Recall that an ordinary differential equation (ODE) has differential equation for a function with single variable. A first order ODE follows `(dy)/(dx) = f(x,y)` .
In the given problem: `x^2+5y(dy)/(dx)=0` , we apply variable separable differential equation in a form of `f(y) dy = f(x) dx` .
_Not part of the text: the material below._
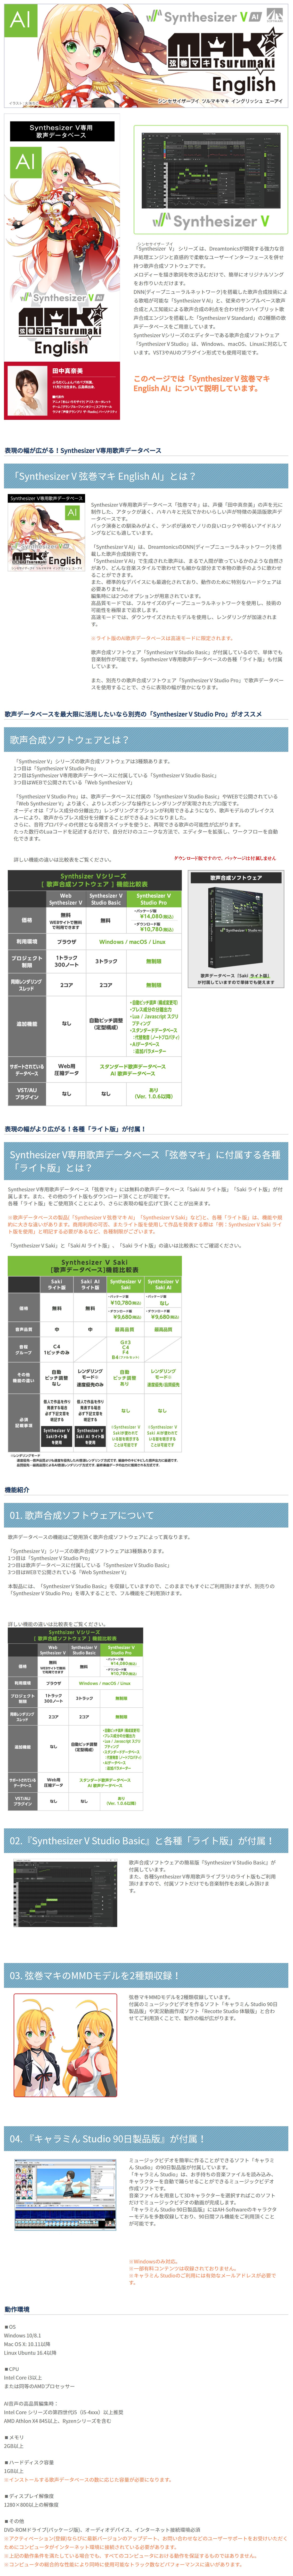 Synthesizer V 弦巻マキ English ダウンロード版

Move the `x^2` to the other side: `5y(dy)/(dx)=-x^2`
Transfer the `(dx)` to the other side by cross-multiplication: `5y dy=-x^2 dx`
Apply direct integration: `int5y dy=int-x^2 dx`
Apply the basic integration property: `int c*f(x) dx= c int f(x) dx` .
`5int y dy=(-1) intx^2 dx`
Apply Power Rule of integration: `int x^ndx= x^(n+1)/(n+1)` .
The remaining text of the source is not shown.